I unlocked the door and gestured inside with a flourish. “Welcome to my personal purgatory.”
She stepped in, sniffed, and immediately wrinkled her nose. “Why does it smell like a church and chlorine had a baby?”
“Bleach and disapproval,” I said flatly, tossing a bag onto the bed. “The ambiance is very ‘failed boarding school for the emotionally stunted’.”
She flopped on the bed, limbs splayed like a starfish. “Wow. You really know how to live.”
“That’s why I never invited you over. That and the risk of my aunt interrogating you and reporting back to your dad about the delinquent you were seen with.”
“Aww. You were protecting me.” She clutched her chest. “Sin has a heart after all.”
“Fuck off.”
She grinned, then started flicking through her phone and I started packing.
It didn’t take long—I didn’t have much. A few clothes. My beat-up iPod. The new black jersey sheets I’d ordered and never opened. Everything else stayed. None of it was really mine.

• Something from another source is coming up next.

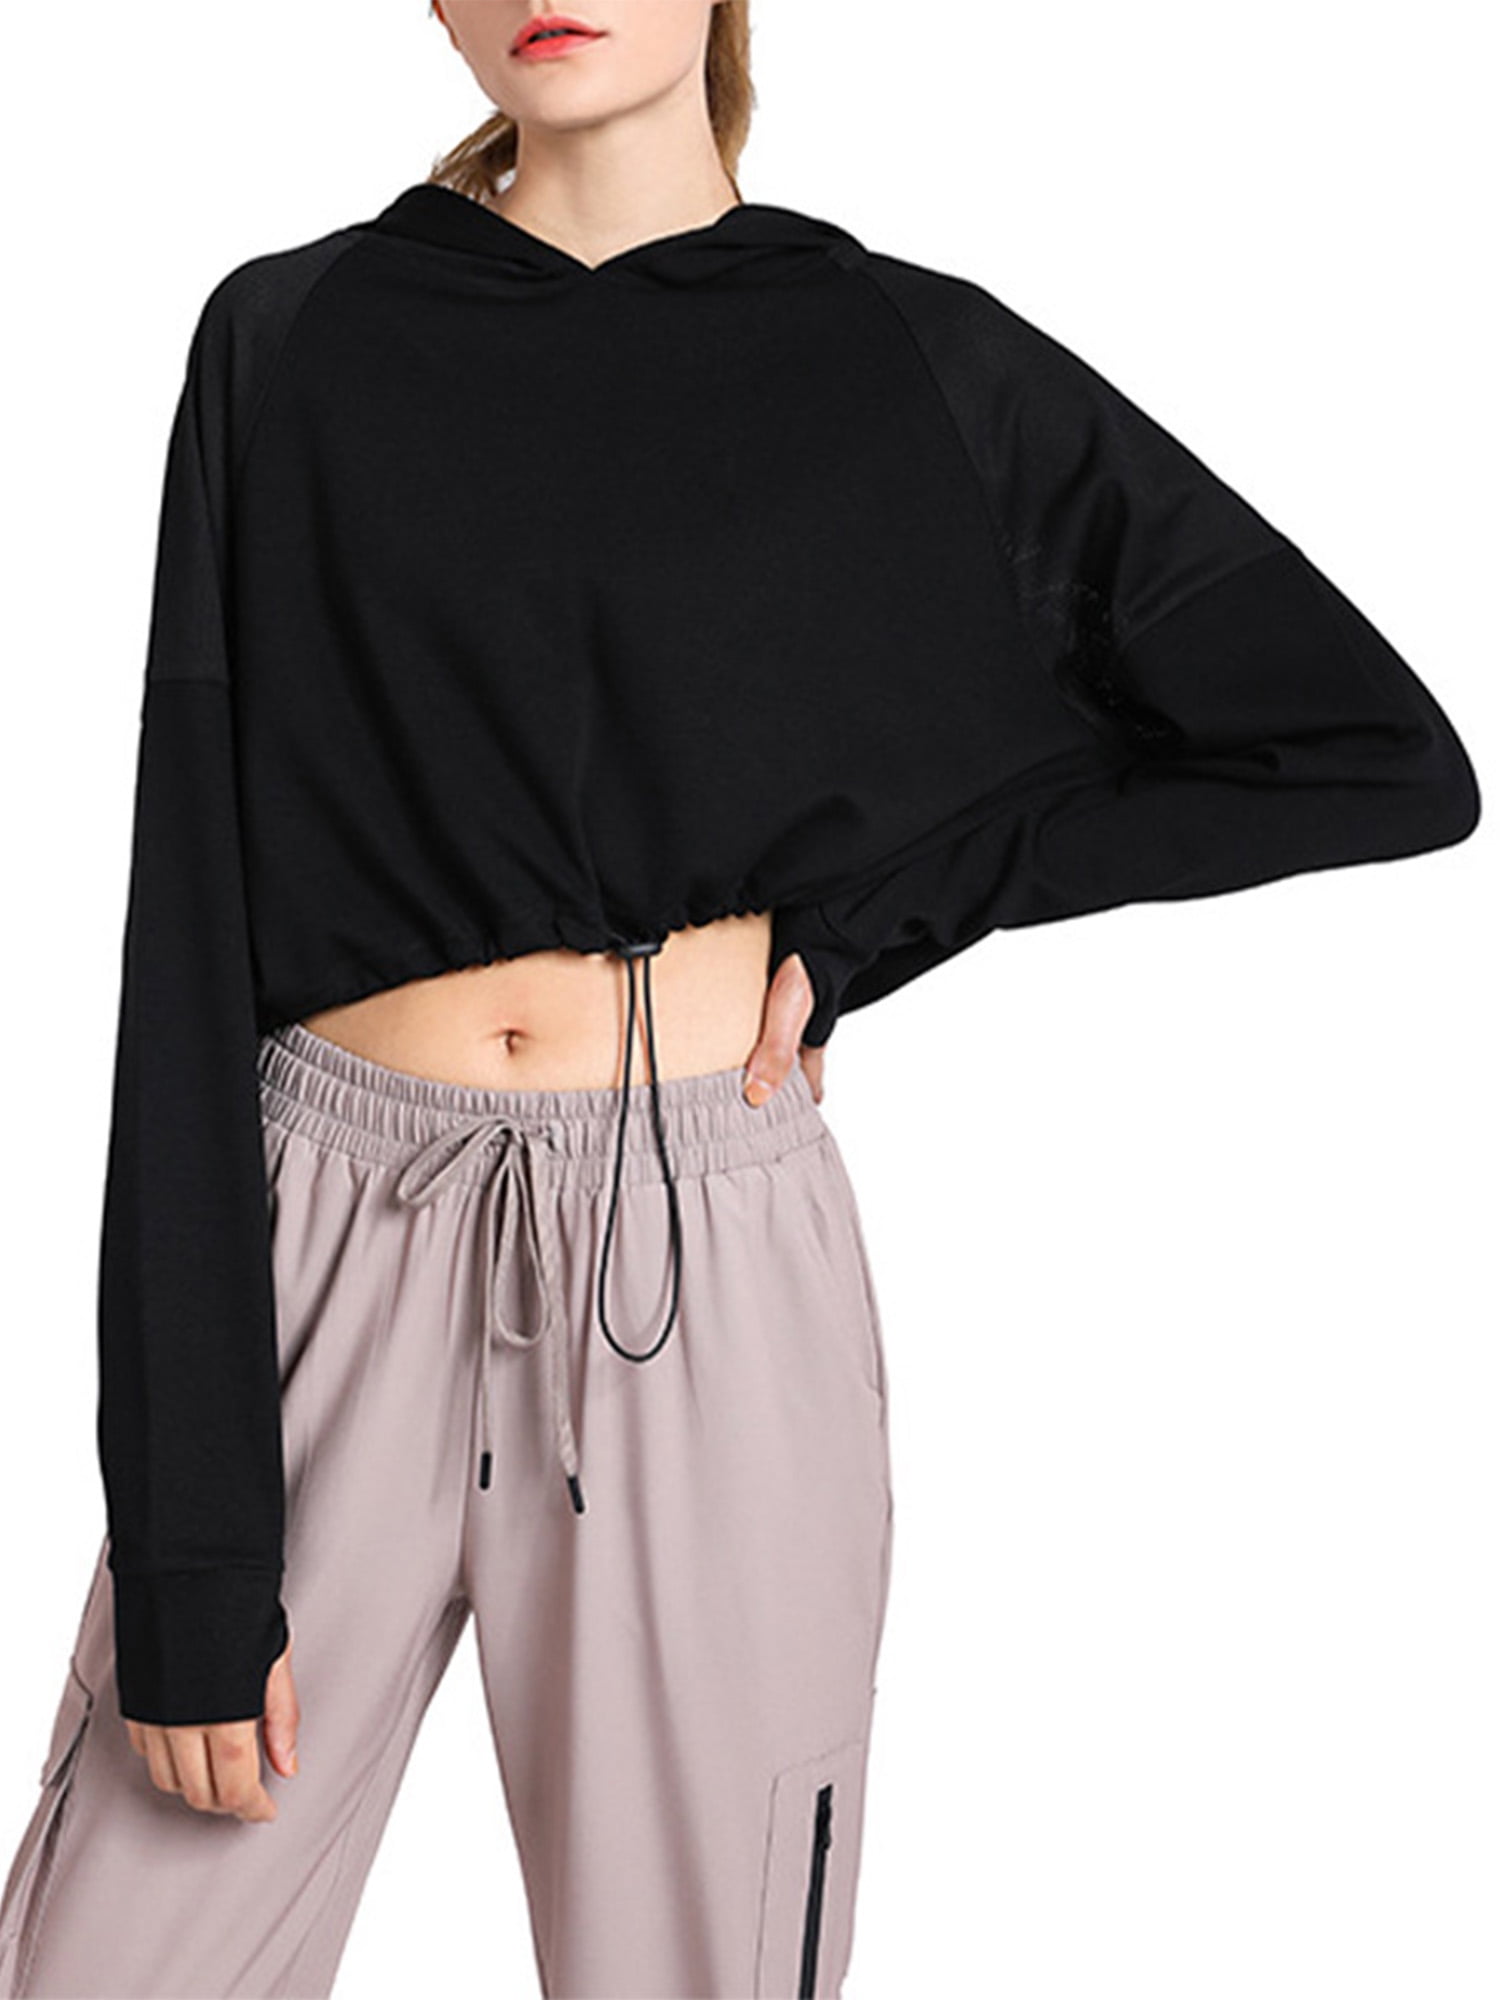 INTERESTPRINT Womens Long Sleeve Crop Top Pullover Sweatshirt XS~2XL

By the time I was done, Thalia was watching me from the kitchenette, cigarette smoke curling around her. “You sure about this?”
I opened my mouth to answer, but was interrupted.
“Leaving, then?” The voice was sharp, clipped.
My aunt stood in the doorway, perfectly ironed as always. Every strand of hair coiled into place. Not a smudge of eyeliner out of line. A mannequin with teeth.
“I am,” I said without looking at her.
She scanned the room like she was tallying up the damage. “You walk out that door, you are no longer part of this family.”
“Cool. Should I leave my collar and chain on the bed, or…?”
Her eyes narrowed, but her voice stayed ice-cold. “You’re lucky I took you in after your parents were done with you.”
That hit harder than it should’ve. I shouldn’t have cared about the people who brought me into this world. Not when they’d never cared about me.
I clenched my jaw. “Why did you? Huh? It’s obvious you didn’t want me.”
“I had a duty to my family,” she said, coldly. “I tried to fix you. But you’re beyond repair. I don’t hold out any hope. From what I’ve heard, you won’t keep that job much longer.”
The floor felt like it shifted slightly beneath me. My stomach dipped. That was the first I’d heard of my job being in jeopardy. Timothy was an asshole, sure—but did he have that kind of pull?
She didn’t scream. Didn’t make a scene. Just delivered each word like a scalpel, slicing skin with practiced, painless precision.
Once she’d finished, she turned and walked away. No hug. No goodbye. That was her answer. The final tether with my family was severed.
The apartment was nothing like the antiseptic white hell I’d just left. It was loud. Lived-in. Still half-unpacked from Thalia moving in. A third-floor walk-up in an old building that creaked like it had stories to tell. The hallways smelled like old books and curry from the family downstairs. One of the windows had a spiderweb crack in the corner that caught the light just right.
The ceilings were high. The walls were white brick. A sliver of the skyline peeked through the window in my room, and I could just barely hear the hum of the city. Not the rich part. The other part. The real part. One where I felt like I might actually fit in.
Claire had lit candles everywhere. Sage and bergamot and something floral I couldn’t place. Thalia had strung up fairy lights in the kitchen even though half of them didn’t work.
My bedroom was small—barely room for a bed and a narrow dresser. But it was mine. The floor was uneven. There was chipped paint along the windowsill. It had character. I loved it.
The silence that settled around me wasn’t peaceful once they’d left me to unpack. It was echoing, like everything inside my chest had spilled out and left behind a hollow.
I sat on the edge of the bed, duffel bag at my feet, fingers twitching. I pulled out my phone. Theo’s name glowed on thescreen. My thumb hovered before I tapped. He picked up on the third ring.
“Hey,” he said, voice warm, familiar. “Everything okay?”